Вообще-то это чистое вранье, что я дверь не могу привесить. Была дверь. Еще до Ракси. Из-за Ракси и снял. Не мог я там сидеть со спокойным сердцем и благородными чувствами, когда он снаружи воет и стонет по закрытому хозяину. Нипочем не мог.
Ежели поразмыслить, дверь в нужнике — штуковина каверзная. Я одну дверь сломал, чтоб человека спасти. После войны. Когда Куресаарский театр приезжал к нам в школу с представлением. Да. Гляжу, перед началом один артист потопал в сортир, ну, думаю, ни пуха тебе ни пера, как говорится, не первый ты и не последний по этой дорожке идешь… А выходить не выходит. Не видать его, и все тут. Что, думаю, за причина? Подхожу поближе, слышу, бедняга бубнит на все лады, да так горестно: «Быть или не быть, вот в чем вопрос!»
Дело ясное.
Умопомешательство перед самоубийством.
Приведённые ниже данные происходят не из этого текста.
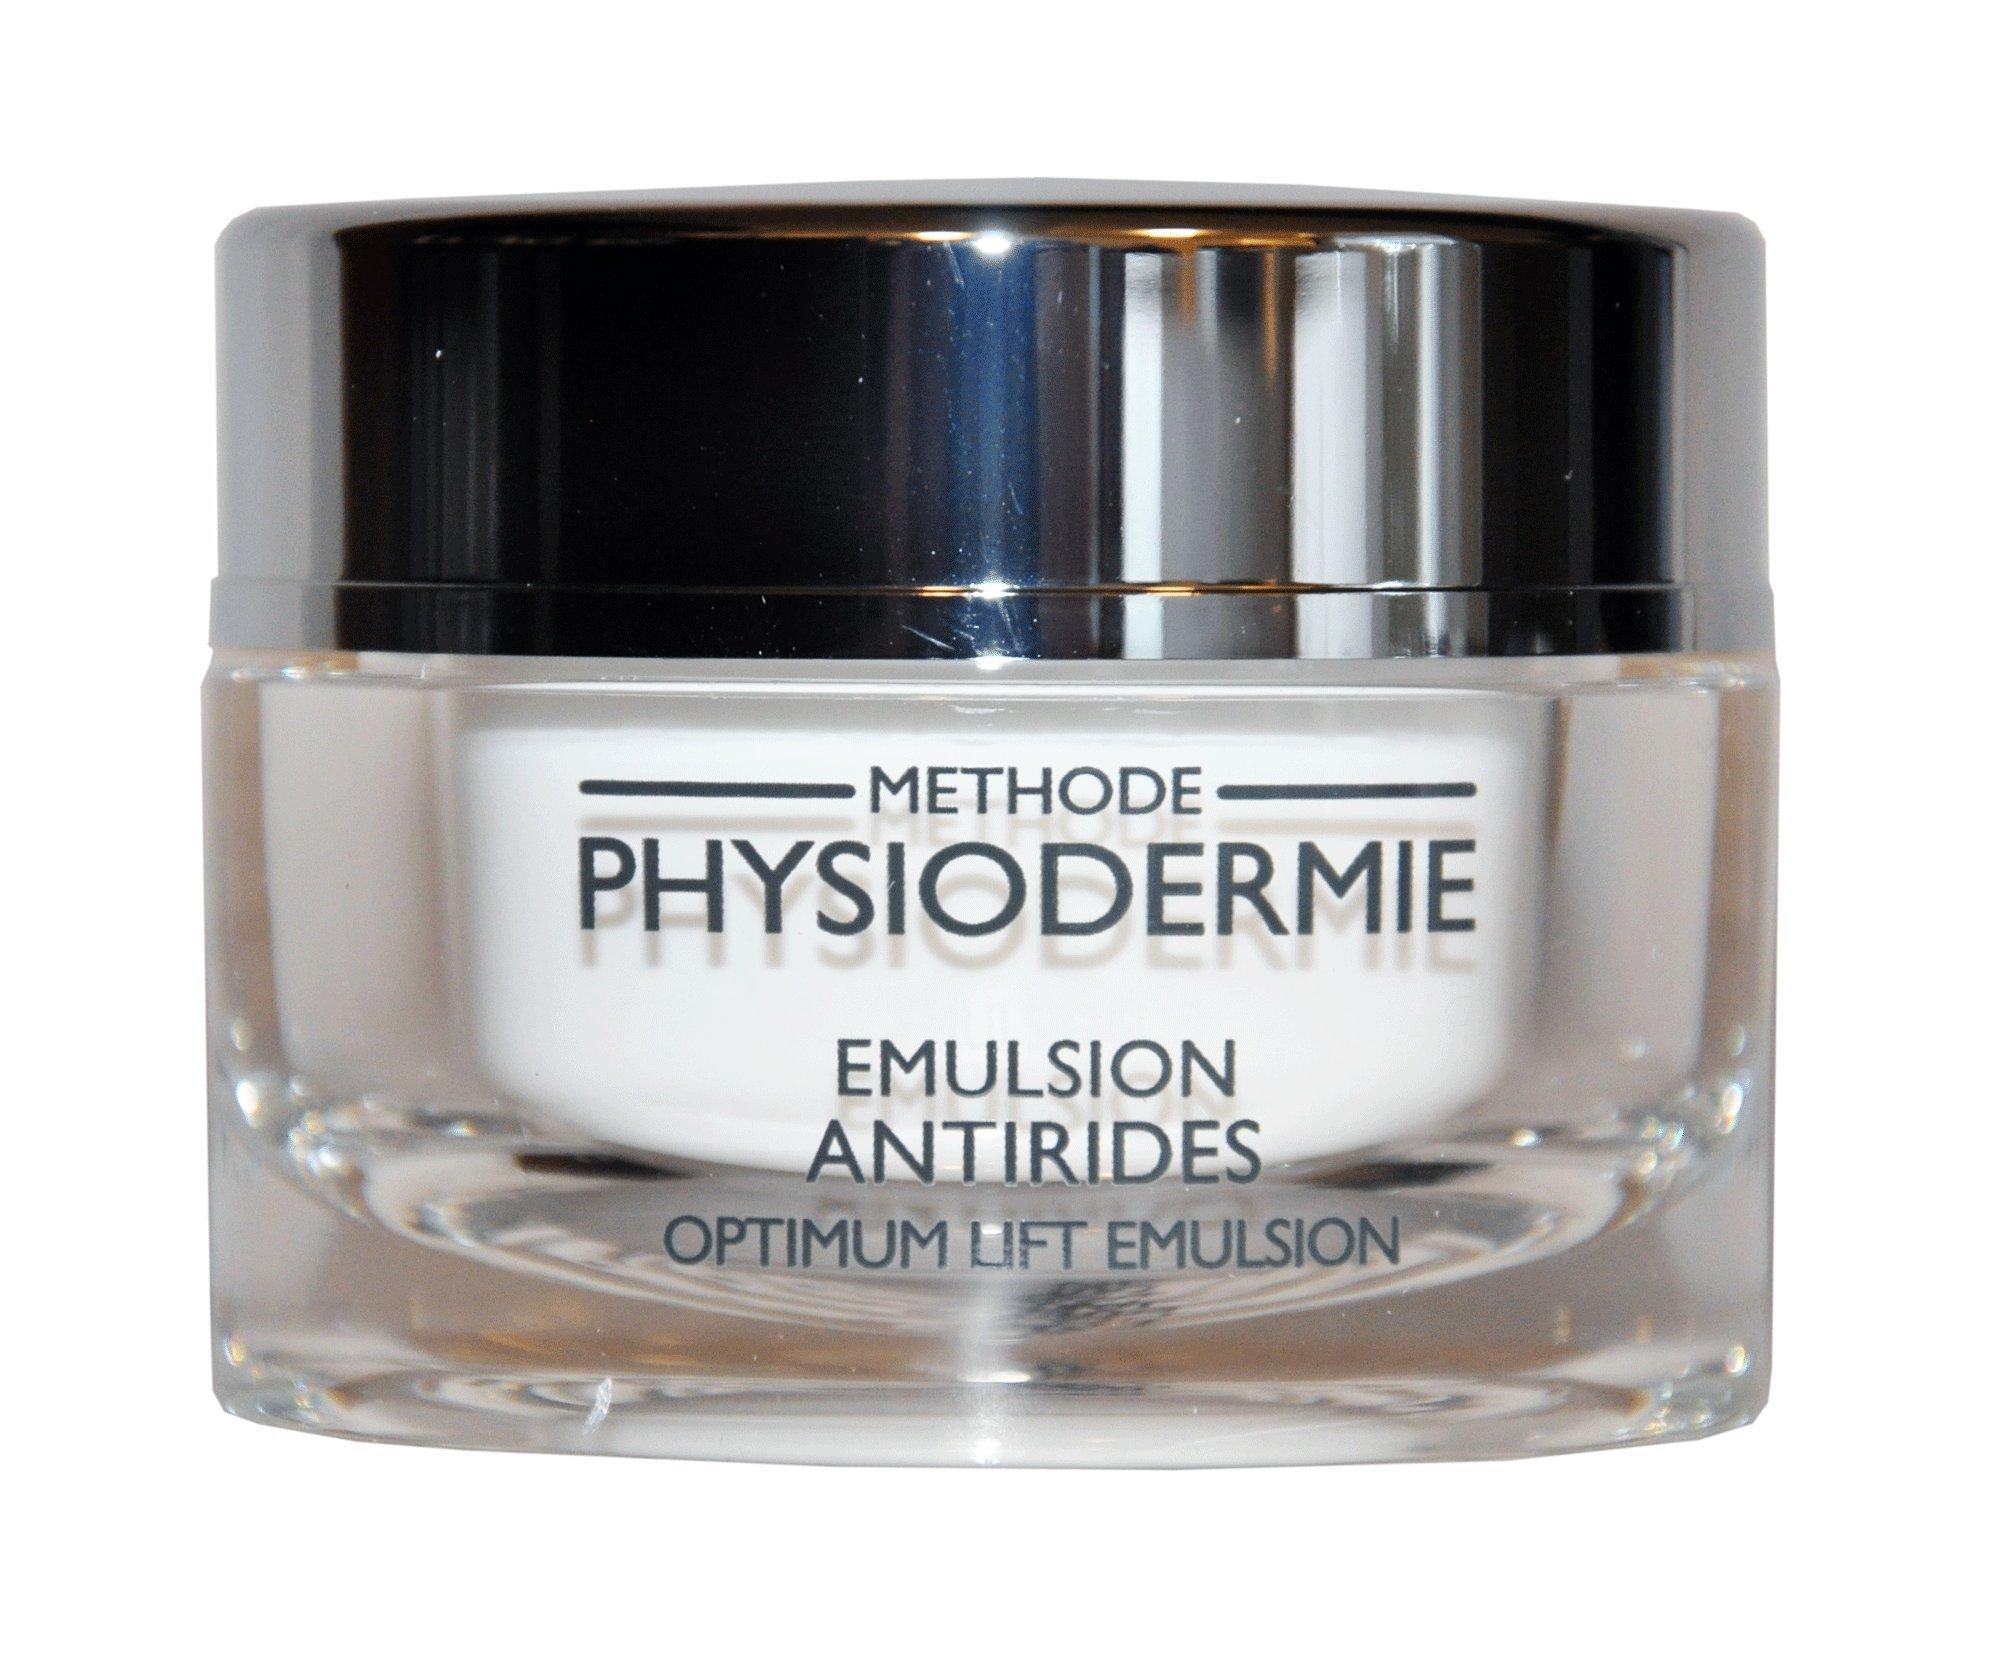 Physiodermie Optimum Lift Emulsion 1.7 fl.oz - BRAND NEW

Быть или не быть. Нешто нормальный человек станет такое спрашивать.
Ну и выломал дверь.
Вытащил мужика наружу.
Ежели, говорю, хочешь вешаться в ватере, так давай после спектакля. На Абруке театр-то ведь бывает не чаще солнечного затмения. А то из-за тебя мы последнего случая лишимся с искусством знакомство свести.
А он меня честит и песочит:
— Из-за искусства, черт тебя возьми, я и сидел. Заучивал монолог Гамлета.
Оконфузился я, сел в лужу, право слово. Попросил прощения. А он посмеялся и говорит:
— На алтарь искусства приносили жертвы и побольше, чем эта дверь, крашенная известкой.
Н-да… Откудова мне этого Гамлета знать. Чего абрукаские мужики расскажут, и то не все упомнишь…
— А что за беда, что Каспар хочет Ракси памятник ставить?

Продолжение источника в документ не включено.